Start of Available data

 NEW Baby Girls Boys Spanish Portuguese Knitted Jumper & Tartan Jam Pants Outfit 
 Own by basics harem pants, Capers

End of Available data
Start of Available data

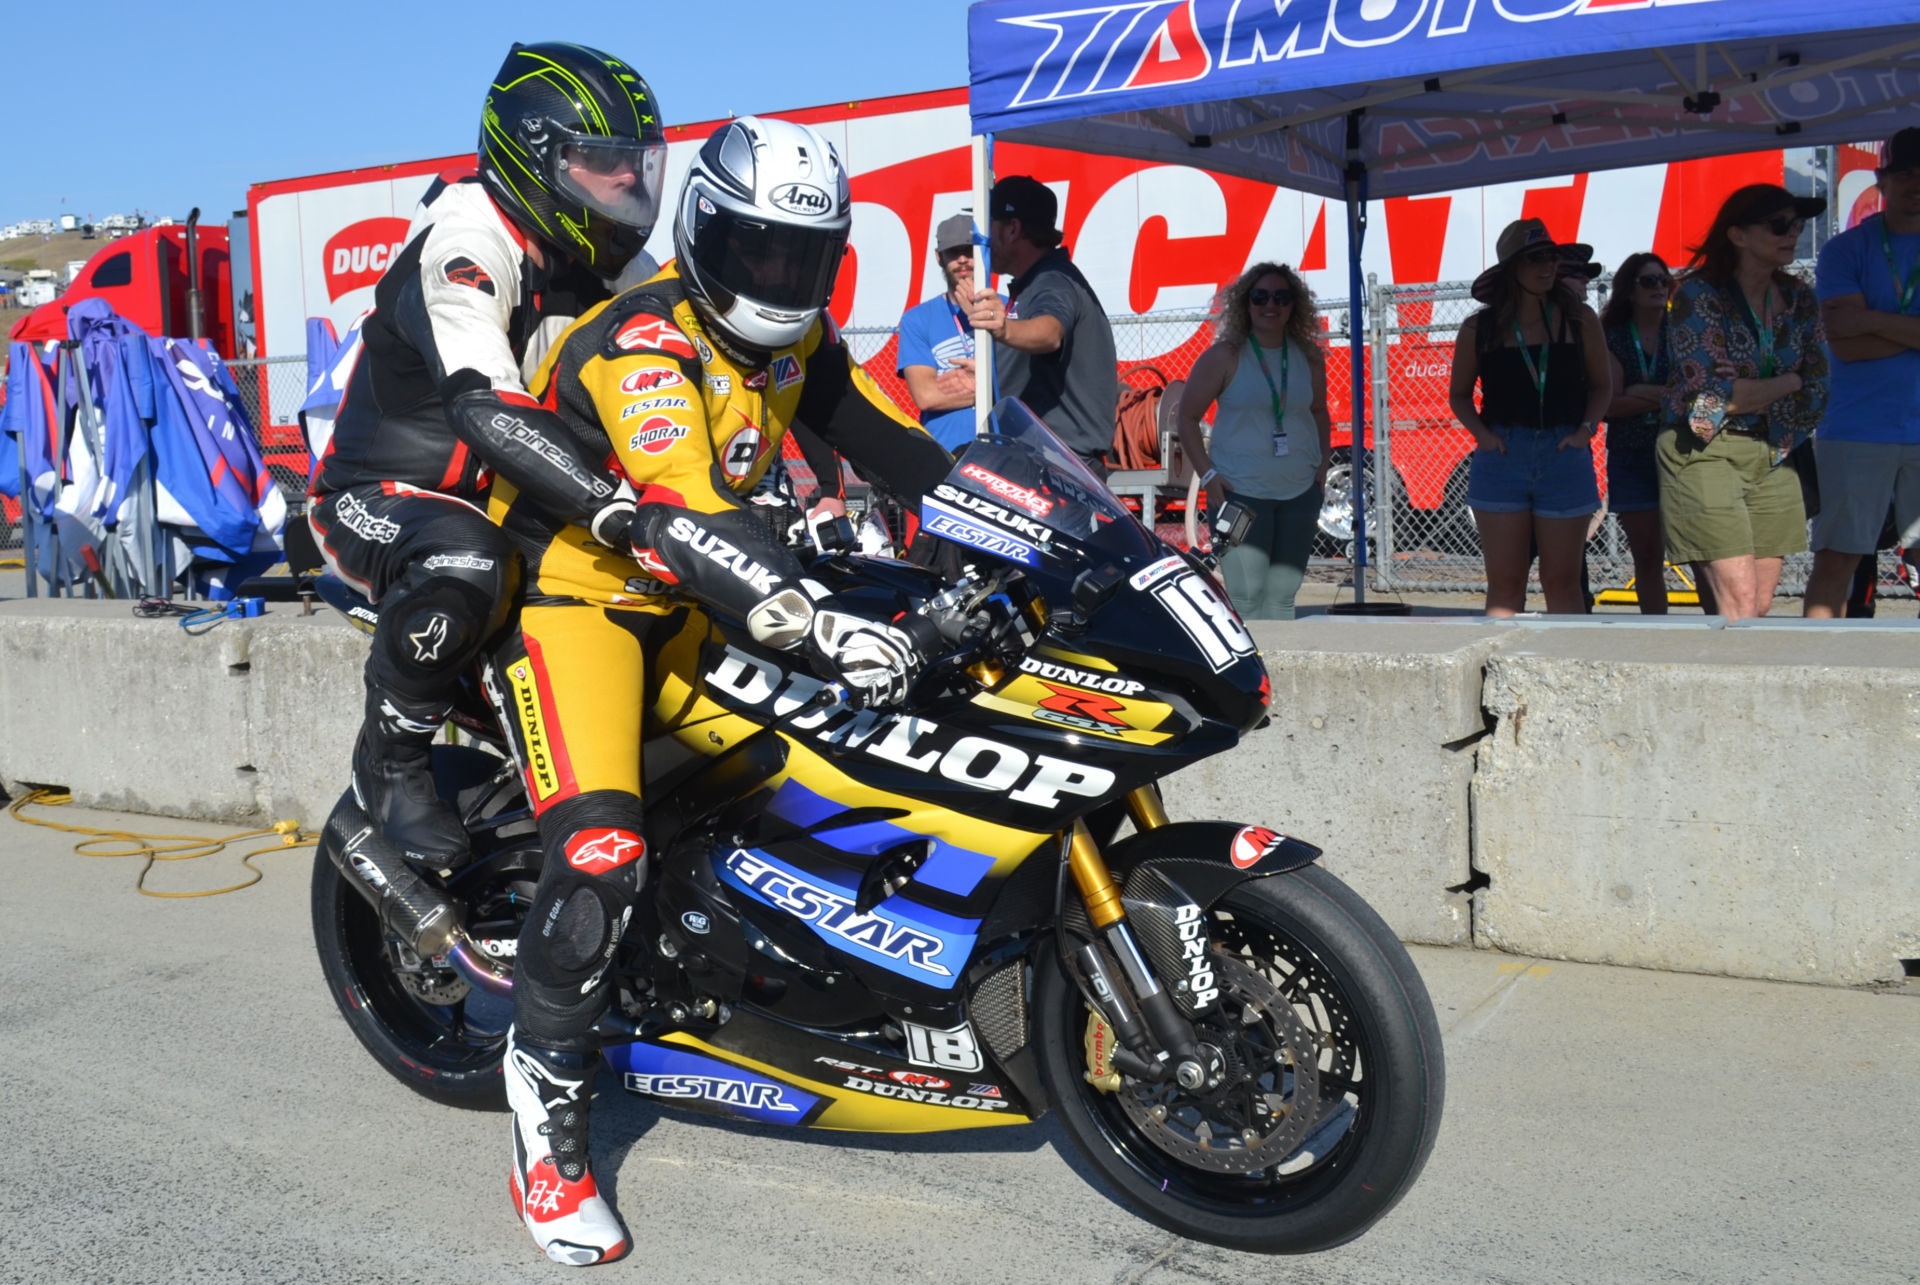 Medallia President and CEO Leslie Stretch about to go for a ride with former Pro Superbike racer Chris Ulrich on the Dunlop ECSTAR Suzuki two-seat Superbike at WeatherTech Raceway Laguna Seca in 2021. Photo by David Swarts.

End of Available data
Start of Available data

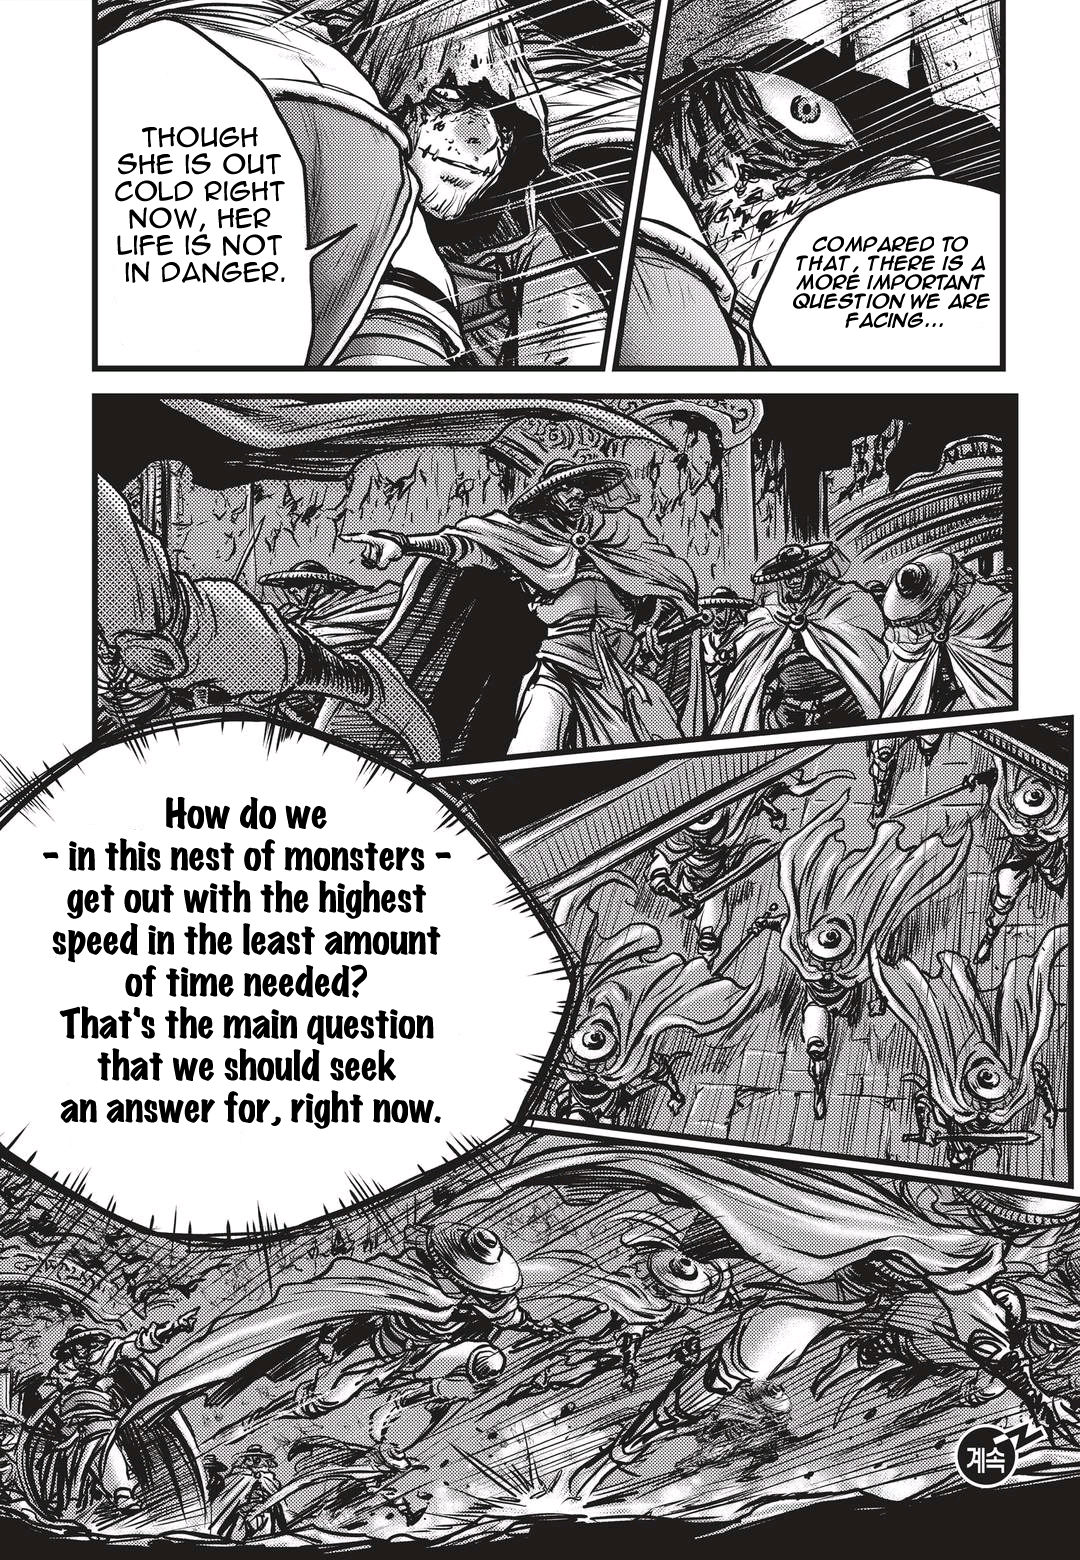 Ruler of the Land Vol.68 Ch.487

End of Available data

Exercise aim ▸ Taking the entries above, write out exactly the lines starting with the line containing "NEW Baby Girls" and going on through the line containing "Own by basics harem pants, Capers", both included, and nothing else.

Solution to the exercise ▸
 NEW Baby Girls Boys Spanish Portuguese Knitted Jumper & Tartan Jam Pants Outfit 
 Own by basics harem pants, Capers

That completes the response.